La parola al Gestore: Riso biologico, quanto ne sai?

I nostri Gestori vengono dai mondi più diversi: impiegati, mamme, liberi professionisti, pensionati… e studiosi! Oggi Pietro, che è agronomo e a Torino gestisce l’Alveare di Borgo Po, ci parla di un prodotto che conosce per davvero, il riso. Che differenza c’è tra il riso biologico e convenzionale?

A lui la parola!


Riso biologico

Il riso biologico è un riso coltivato utilizzando buoni metodi agronomici come l’alternanza, la rotazione colturale e l’utilizzo di fertilizzanti organici.
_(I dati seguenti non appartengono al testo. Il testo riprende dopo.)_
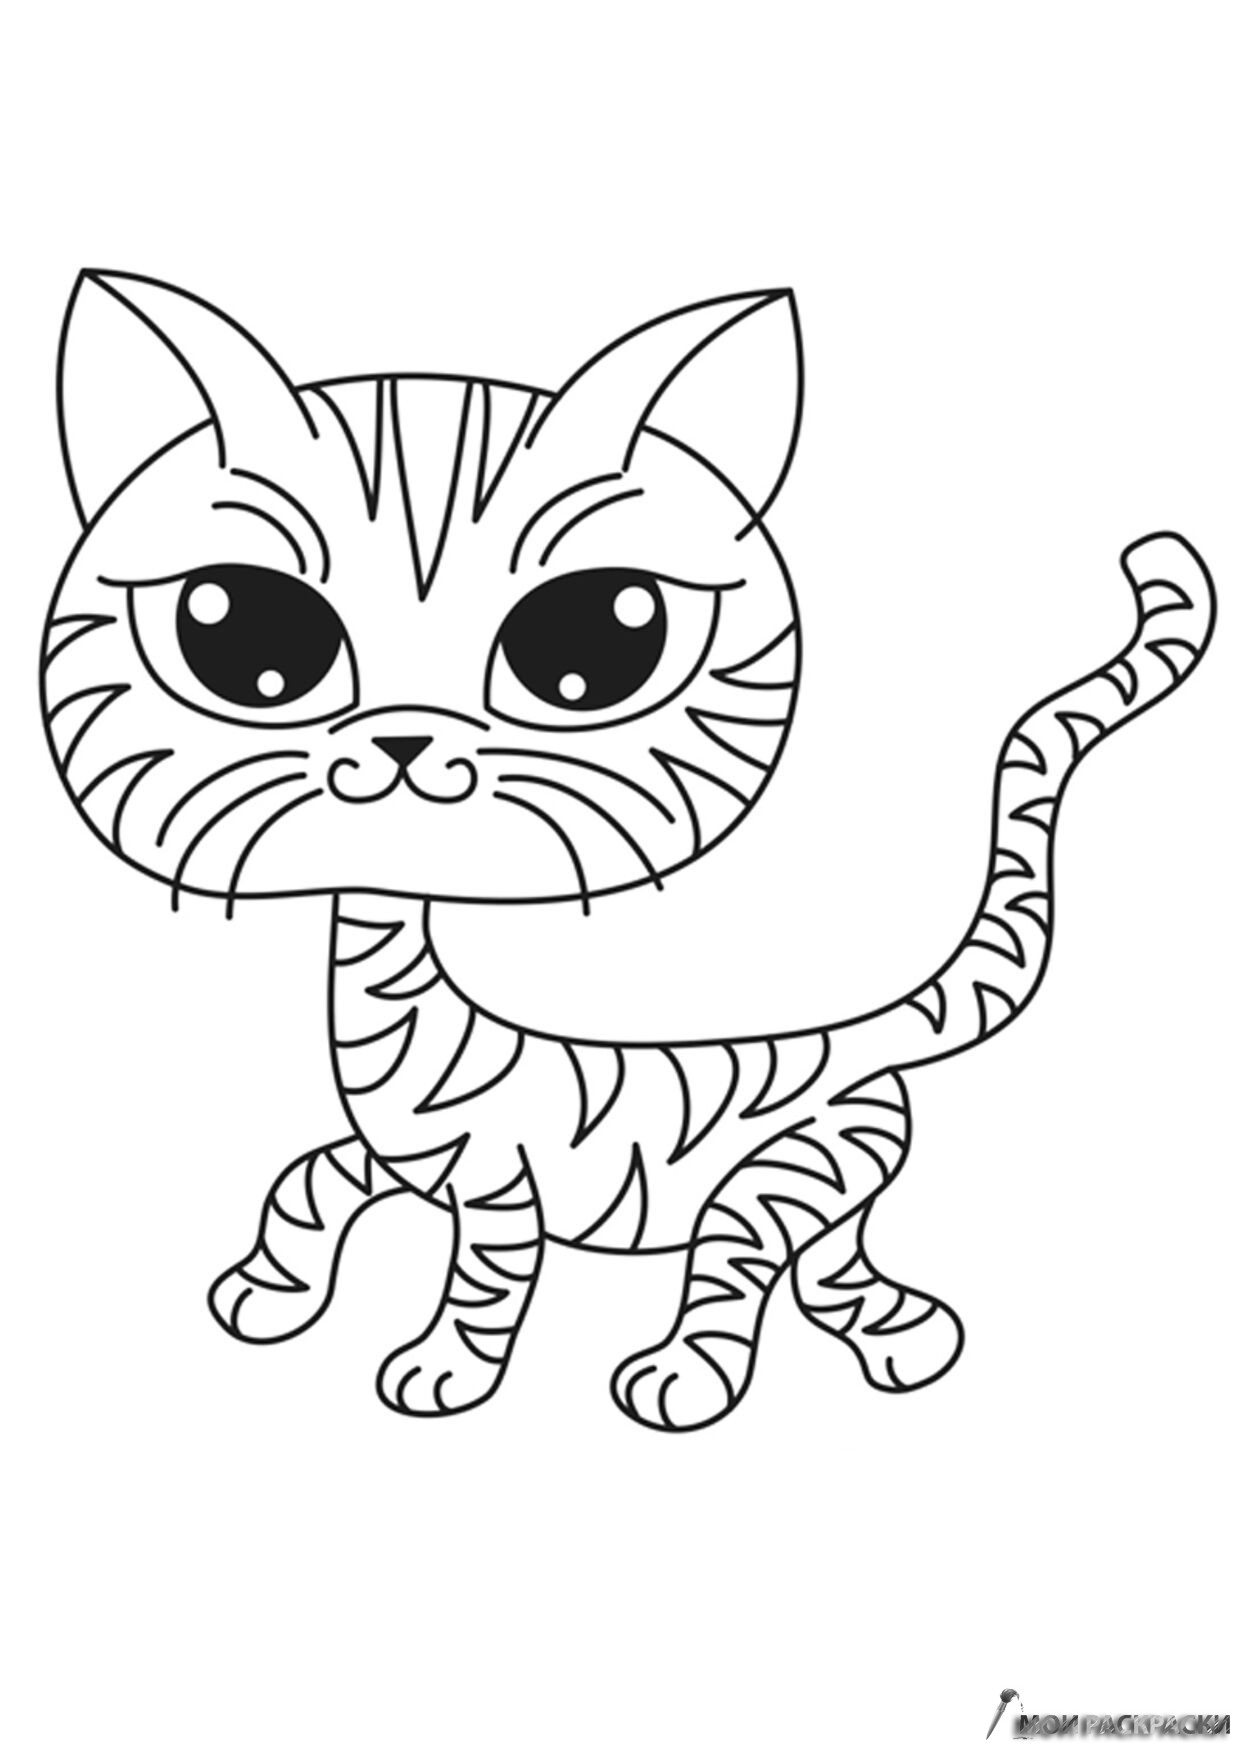 Раскраска котенок для детей 4 5 лет. Раскраска. Котики. Раскраска кот. Кошечка для раскрашивания. Котенок. Раскраска.

Il riso viene seminato ad aprile e raccolto a metà settembre.


riso biologico

Una risaia al momento della semina del riso, quando sono appena state tagliate le colture precedenti. Credits: regione.piemonte.it


Agroforestazione: stesso terreno, doppio vantaggio


Nella seconda decade di settembre chi coltiva riso biologico semina una coltura intercalare erbacea invernale (graminacea, leguminosa o brassicacea) e in primavera, prima di seminare il riso abbatte questa coltura. L’obiettivo è quello di ottenere due risultati importanti: fertilizzare il terreno e creare una coltre tappezzante che ostacoli la crescita delle erbe infestanti che riducono la produttività del riso.


riso italiano

Una risaia biologica ad alta biodiversità durante la crescita del riso. Credits: risoitaliano.eu


Agroecologia, questa (bella) sconosciuta


Nella coltivazione tradizionale invece si utilizzano fertilizzanti e diserbanti chimici, per sostenere la crescita delle piante di riso e per stroncare le infestanti.
Il riso biologico che non è interessato dai trattamenti contro le malerbe ha una produttività minore di quello convenzionale: 40 quintali a ettaro, contro i 60 del riso convenzionale.


riso cascina vigna

Da sinistra riso carnaroli, arborio e baldo. Credits: cascinavigna.it


Le varietà

Le varietà utilizzate per coltivare il riso biologico e quello convenzionale sono le stesse, la differenza è dettata dalla tecnica agronomica adottata dal risicultore. Nel Vercellese le principali sono Carnaroli, Rosa Marchetti e Arborio.
Purtroppo in passato si sono verificate delle frodi: agricoltori dichiaravano il falso dicendo di fare riso bio, e questo ha alimentato giustamente scetticismo tra i potenziali clienti. Per ovviare a queste problematiche la regione Piemonte sta intervenendo aumentando i controlli.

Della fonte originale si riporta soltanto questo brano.